Fostering an environment that makes training and performing more complex by having individuals seek new challenges and perfect skills is a way to experience a state of flow. To incorporate flow, coaches must implement a more nurturing and task-oriented environment that avoids over-specializing too early. Athletes in the Ajax F.C youth academy (which is world renowned for developing world class talent) train less than the older players, and are regularly given time off to play different sports and unstructured activities. This type of environment supports the notion of the compensation phenomenon, where mastery of a specific sport can be achieved through the creative combination of playing different sports and activities. Ajax have found the value of not having anyone telling athletes what to do with the ball outside of the training ground to be essential for future development. Ajax knows that they must first develop the athlete, before they can develop the soccer star. For example, using a multidisciplinary approach they work on athletes’ improper running technique, and movement patterns before incorporating technical skills. This model is consistent with talent development which incorporates much broader concepts than talent identification such as social, environmental, physical, physiological, psychological, and motor competence domains (Stratton et al., 2004).

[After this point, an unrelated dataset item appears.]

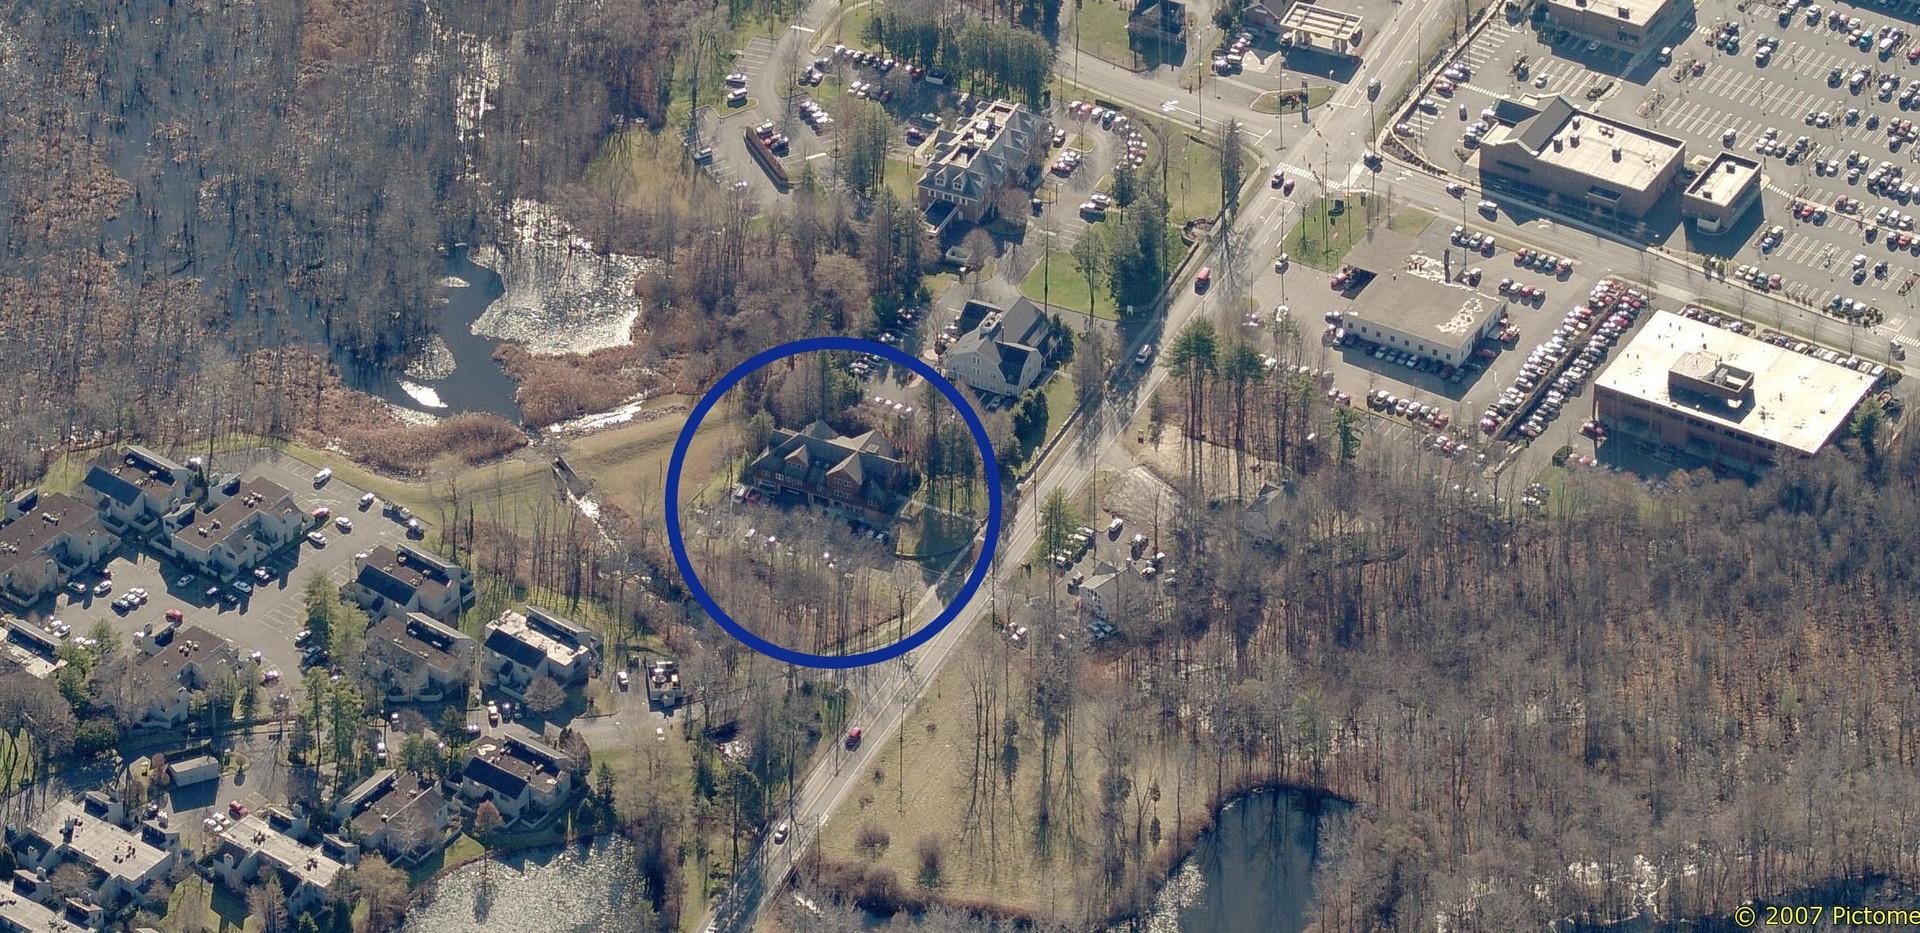 162 Danbury Road - Aerial

The Ajax model is something other professional clubs should be incorporating in their youth academies because it challenges the old systematic view of the 10,000 hour rule. Instead of focusing on the quantity of these hours, a more qualitative approach should be taken that looks at not only the number of hours spent performing a specific skill, but how the surrounding factors such as motivation, emotions, enjoyment, and confidence influence the successful development of these specific skills. However, currently there is no clear psychological tool for assessing and detecting athlete strengths and weaknesses in terms of mental skills. Furthermore, psychological characteristics have been shown to remain unstable from adolescence into adulthood (Reigner, Samela, & Russel 1993, as cited in Morris, T., 2000), which poses a challenge in detecting which individuals will be deemed as mentally fit for future success. Therefore, it is evident that creating a system of talent detection early on in youth sport is lacking in scientifically based methods, and a talent development process should be incorporated so that the athletes will have the greatest amount of opportunity to meet the criteria of elite performance later in their careers. By incorporating a multidimensional approach that focuses on the process, and not the outcome, clubs and organizations in soccer can be better able to develop a more healthier (both physically and mentally) individual first, that can be later trained into a successful professional.

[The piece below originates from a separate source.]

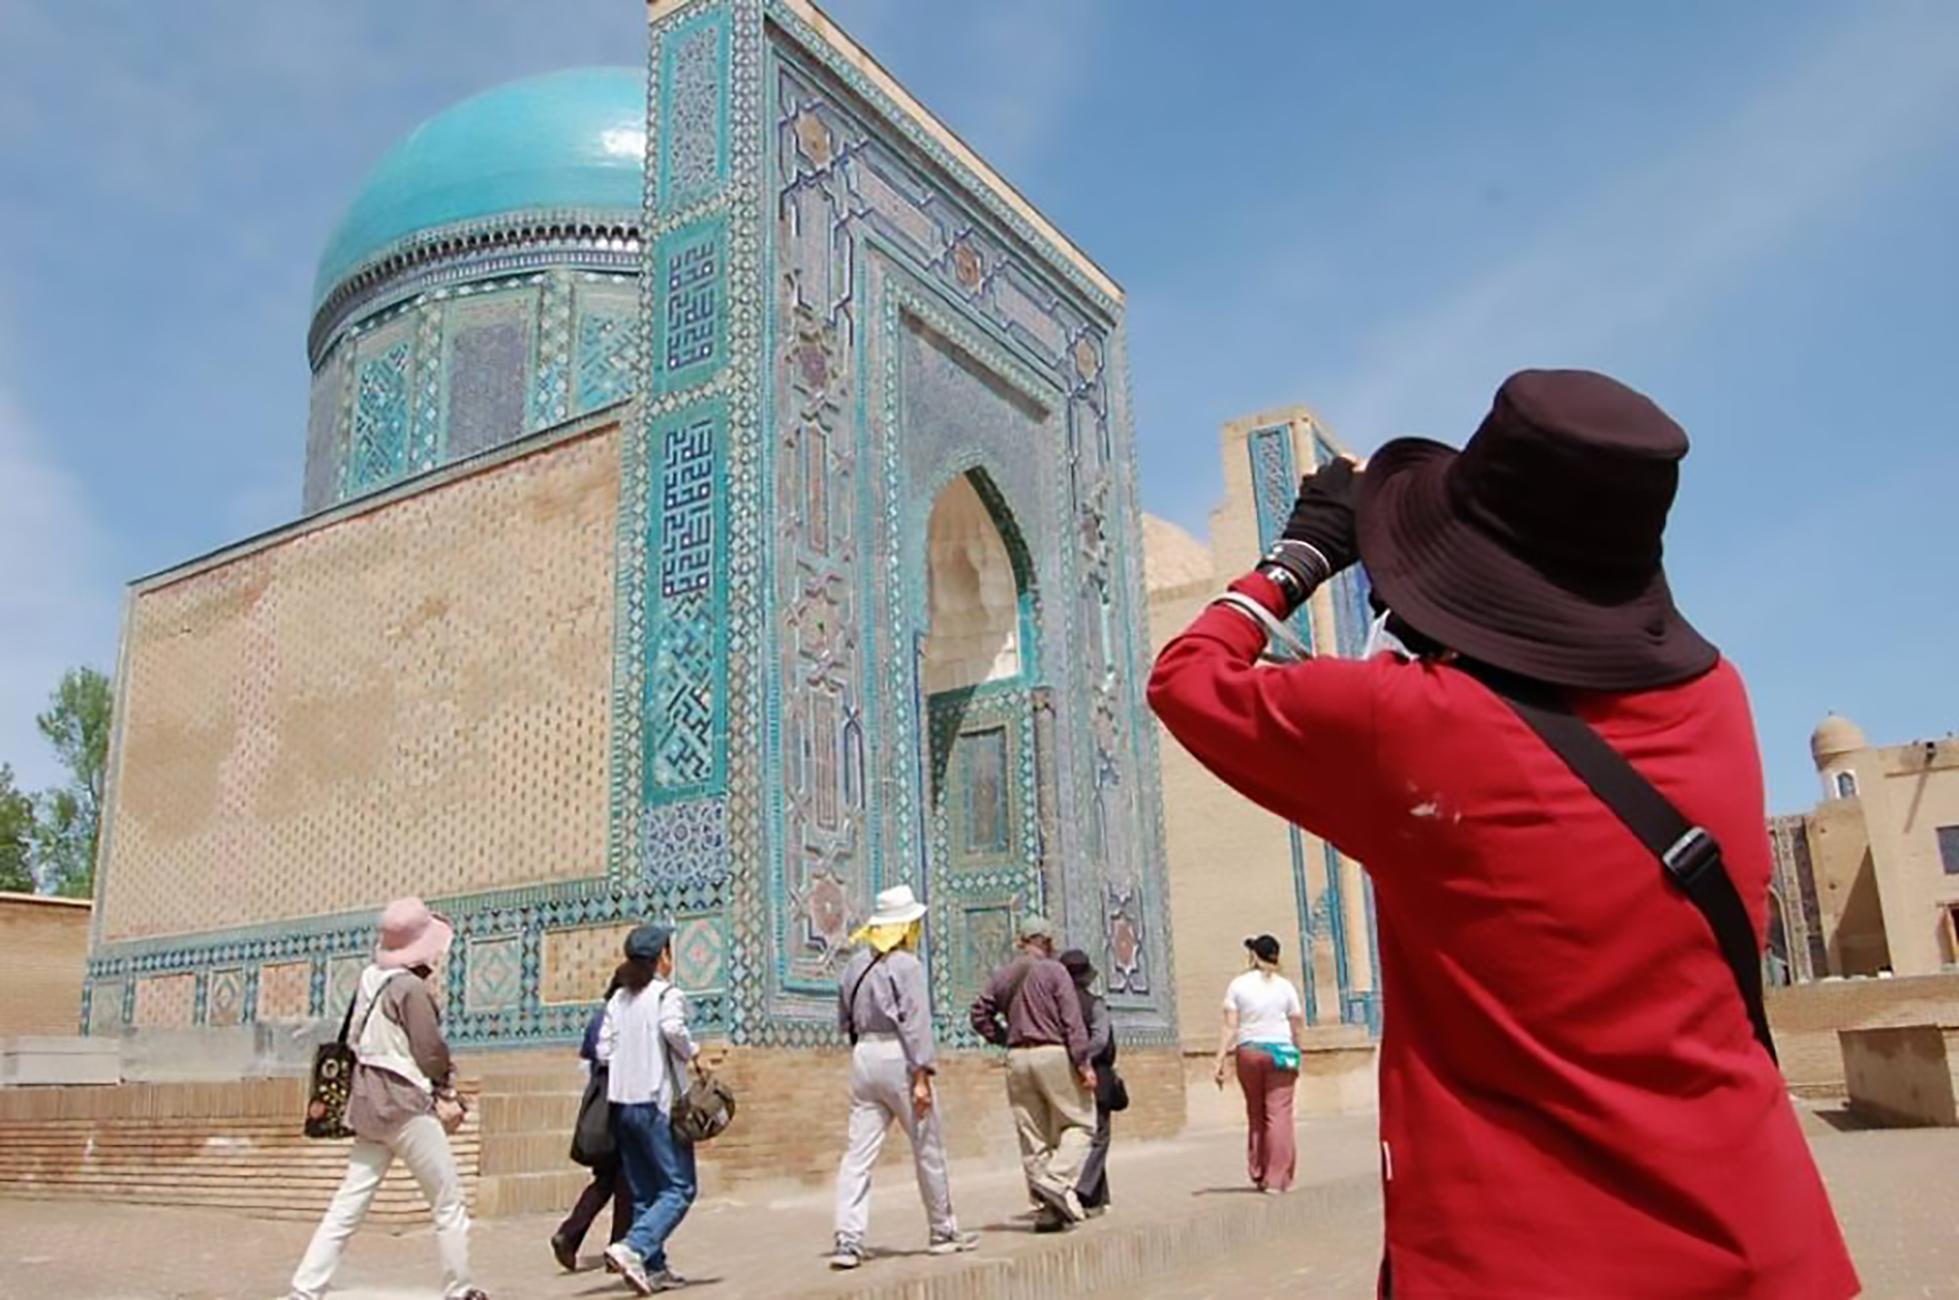 Новая система узбекских электронных виз понравилась туристам из США и других стран

Csikszentimihalyi, M., Rathunde, K., & Whalen, S. (1993). Talented teenagers: The roots of success and failure. New York: Cambridge University Press.

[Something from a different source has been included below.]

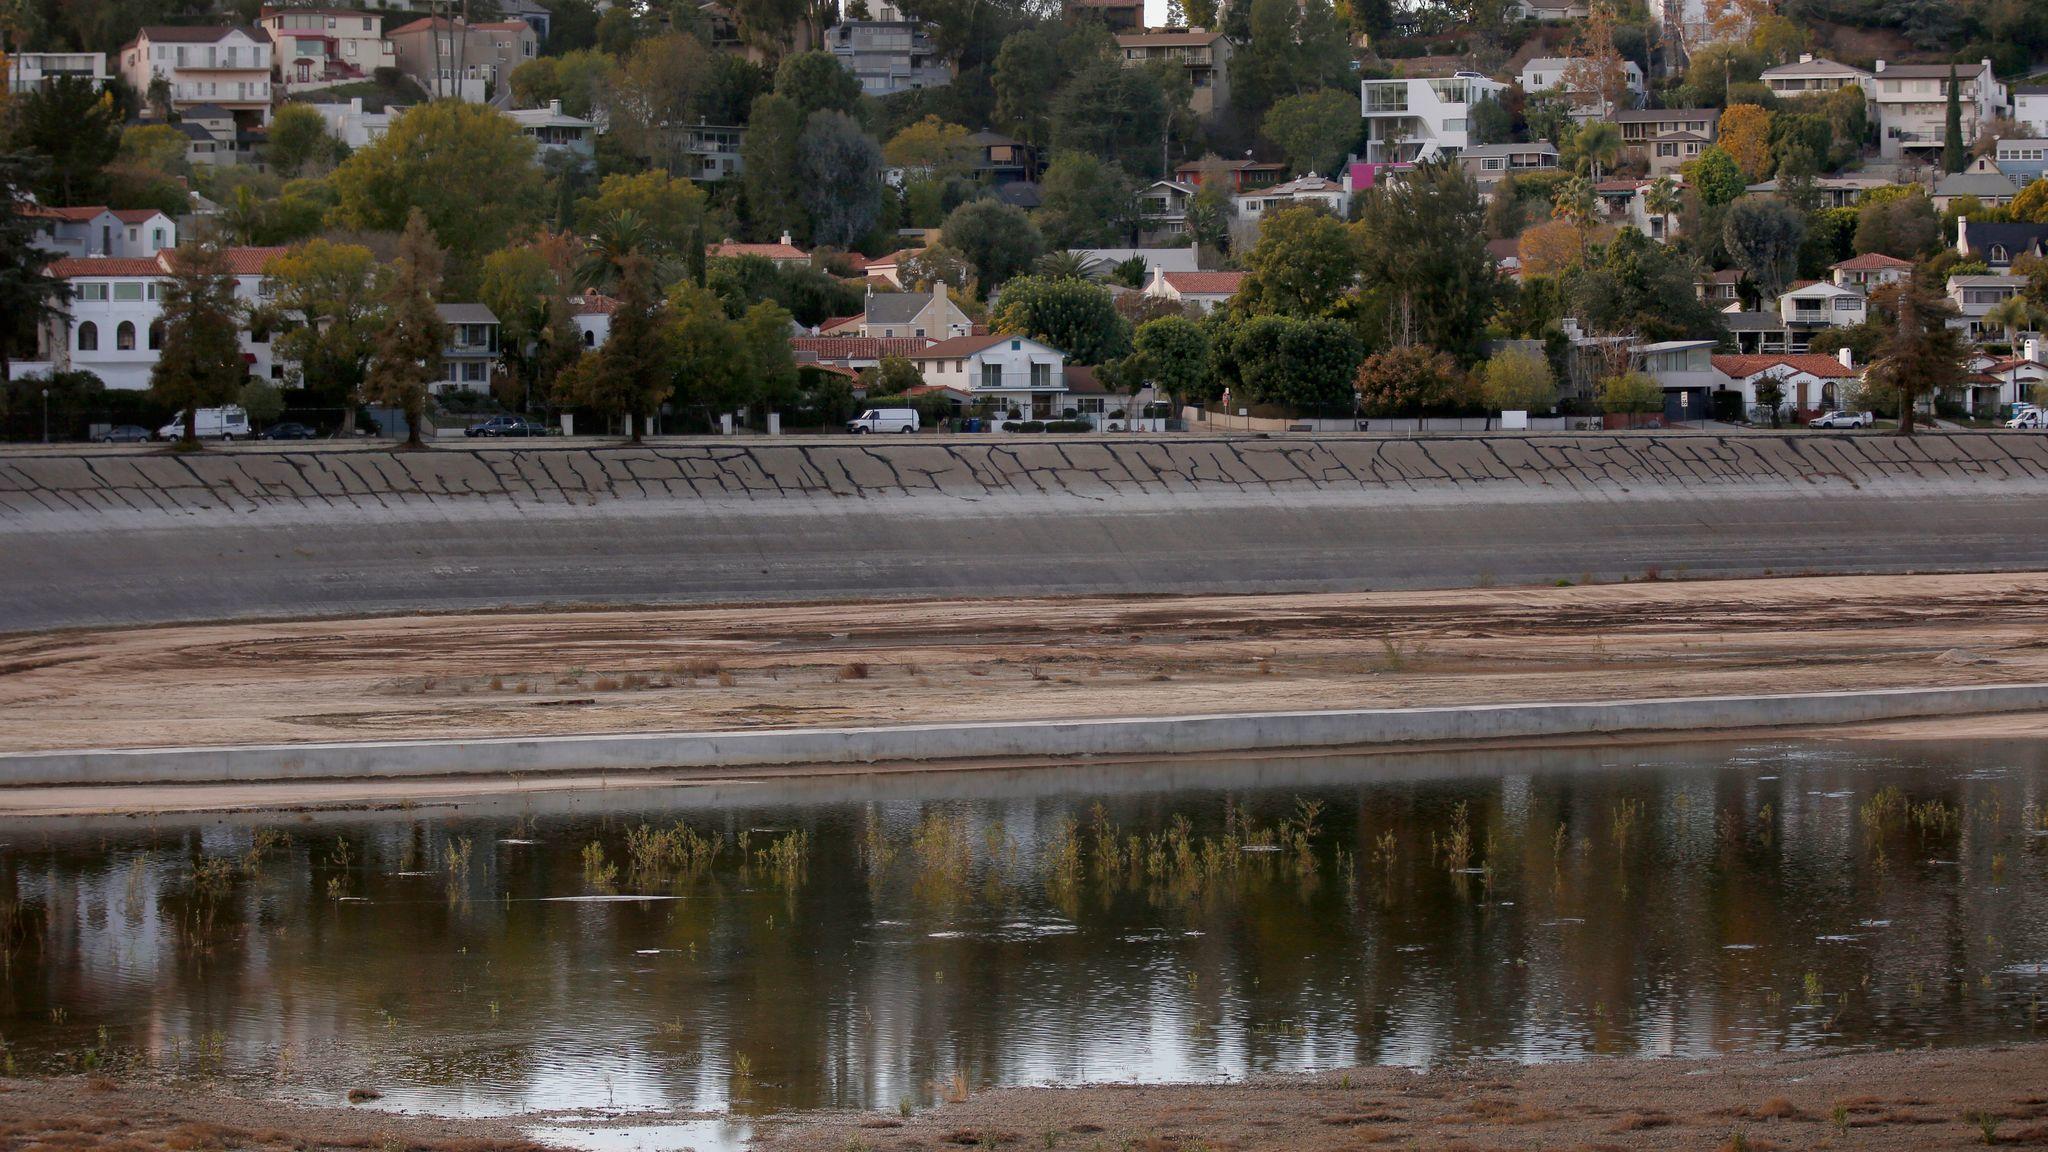 T L A S Silver Lake Dog Park

Durand-Bush, N. & Salmela, J.H. (2001). The development of talent in sport. In R.N. Singer, H.A. Hausenblas & C.M. Janelle (Eds.), Handbook of sport psychology (2nd ed. pp. 269-289). New York: John Wiley & Sons.

Morris, T. (2000). Psychological characteristics and talent identification in soccer. Journal of Sport Science, 9, 715-726.

Reilly, T., Williams, A.M., Nevill, A., & Franks, A. (2000). A multidisciplinary approach to talent identification in football. Journal of Sports Sciences, 18(9), 695-702.

Stratton, G., Reilly, T., Williams, M.A., & Richardson D. (2004). Youth Soccer: From science to performance. New York: Psychology Press.